FactoMineR::plot.PCA(PCAres, choix = "ind", autoLab = "yes", invisible = "quali", cex = 1)

Note that the contribution of each axis to the inertia is displayed in %.

Let's label the dots using some qualtitative metadata:

In [None]:
## Code cell 44 ##

# Same graph adding colors for qualitative variables
# save in pdf if wanted

#pdf("PCA_individus.pdf")

FactoMineR::plot.PCA(PCAres, choix = "ind", autoLab = "yes", invisible = "quali", cex = 1)
FactoMineR::plot.PCA(PCAres, choix = "ind", autoLab = "yes", invisible = "quali", habillage = "Condition", cex = 1)
FactoMineR::plot.PCA(PCAres, choix = "ind", autoLab = "yes", invisible = "quali", habillage = "Tissue", cex = 1)
FactoMineR::plot.PCA(PCAres, choix = "ind", autoLab = "yes", invisible = "quali", habillage = "mouseID" , cex = 1)
FactoMineR::plot.PCA(PCAres, choix = "ind", autoLab = "yes", invisible = "quali", habillage = "B_type" , cex = 1)
FactoMineR::plot.PCA(PCAres, choix = "ind", autoLab = "yes", invisible = "quali", habillage = "sex", cex = 1)
#dev.off()

To look at other axes:

In [None]:
## Code cell 45 ##

FactoMineR::plot.PCA(PCAres, axes = c(2,3), choix = "ind", autoLab = "yes", invisible = "quali", cex = 1)
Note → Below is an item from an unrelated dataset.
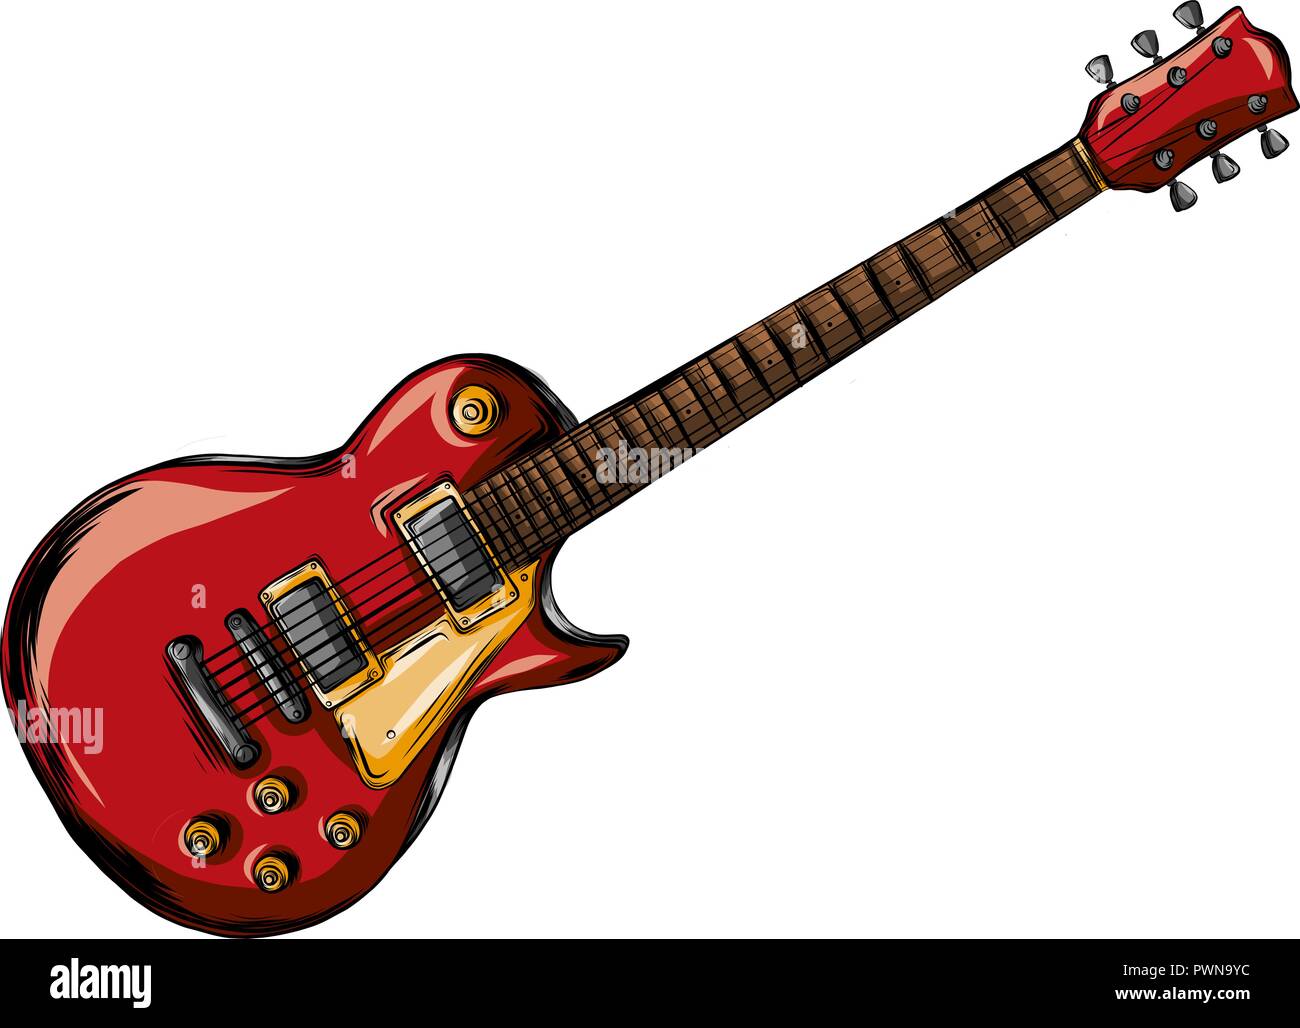 E-Gitarre flachbild Vector Illustration. Rock Musik Instrument Stock Vektor
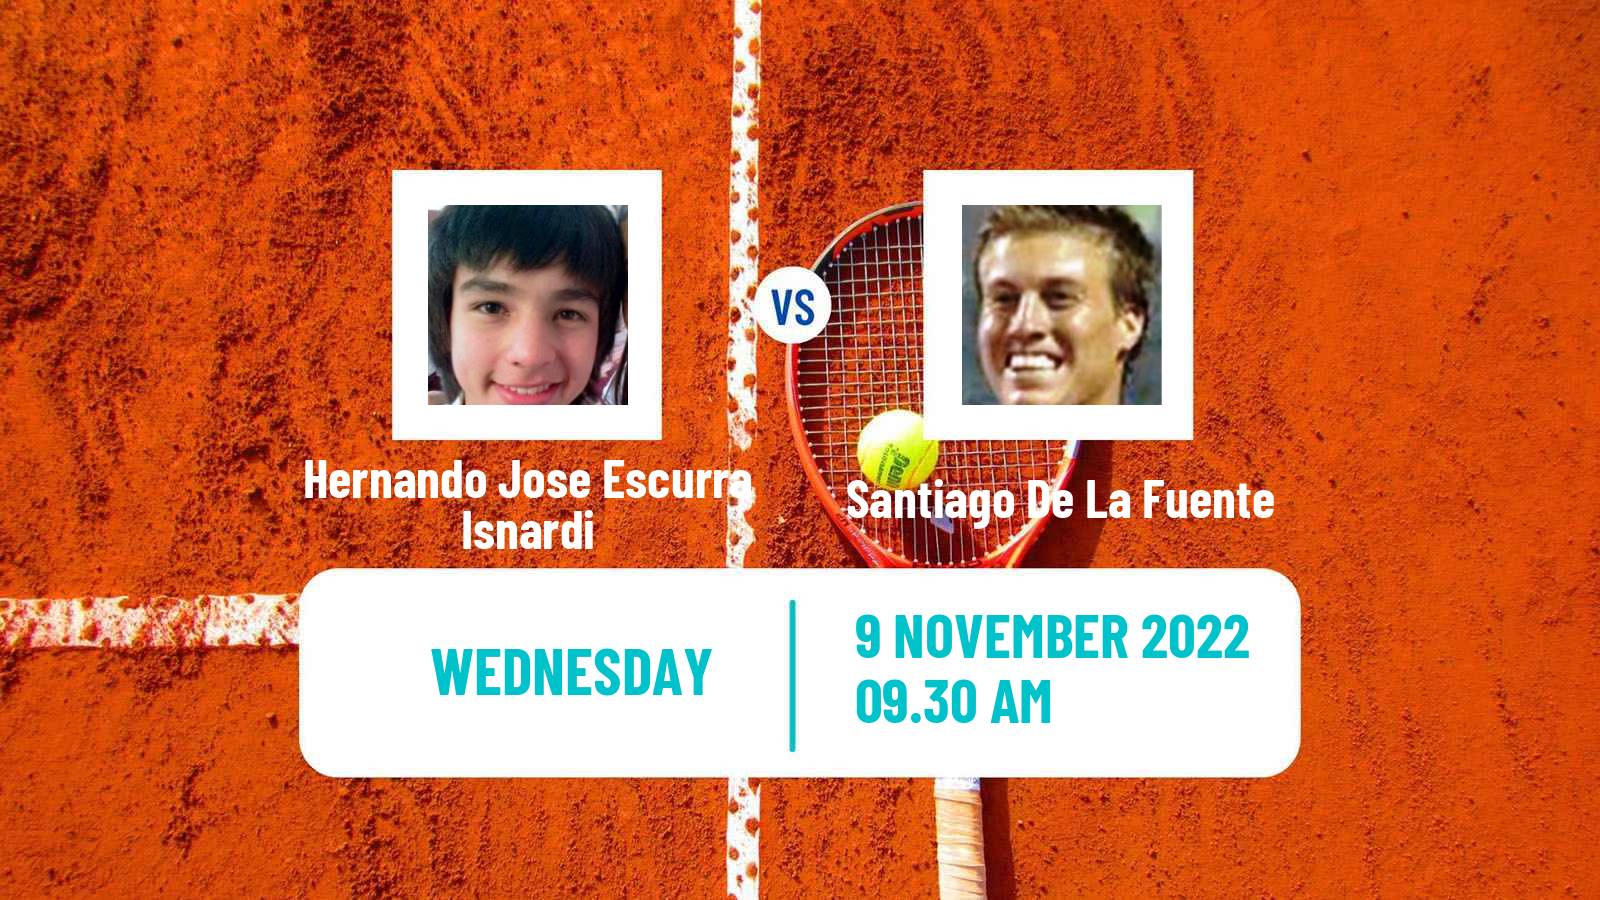 Tennis ITF Tournaments Hernando Jose Escurra Isnardi - Santiago De La Fuente

#### **2.3-d. PCA quality**

- The **inertia explained by each component** is stored in `PCAres$eig`.

In [None]:
## Code cell 46 ##

PCAres$eig

# only for first five:
PCAres$eig[1:5]

- **scree plots**: We draw the standard scree plot and a cumulative one with r base commands:

In [None]:
## Code cell 47 ##

# Graphic Inertia and dimensions

#pdf("PCA_inertia.pdf")
eig.val <- PCAres$eig
barplot(eig.val[, 2], 
        names.arg = 1:nrow(eig.val), 
        main = "Variances Explained by PCs (%)",
        xlab = "Principal Components",
        ylab = "Percentage of variances",
        ylim = c(0,15),
        col ="steelblue")

barplot(eig.val[, 3], 
        names.arg = 1:nrow(eig.val), 
        main = "Variances Explained by PCs (%)",
        xlab = "Principal Components",
        ylab = "Cumulative Percentage of variance",
        ylim = c(0,100),
        col ="steelblue")

#dev.off()

Using the `factoextra` package on factominer results allows to draw a nicer scree plots: 

In [None]:
## Code cell 48 ##

# diagramme des éboulis avec 10 composantes par défaut
factoextra::fviz_eig(PCAres, addlabels = TRUE)

In [None]:
## Code cell 49 ##

# idem same with only 5 components:
factoextra::fviz_eig(PCAres, addlabels = TRUE, ncp = 5)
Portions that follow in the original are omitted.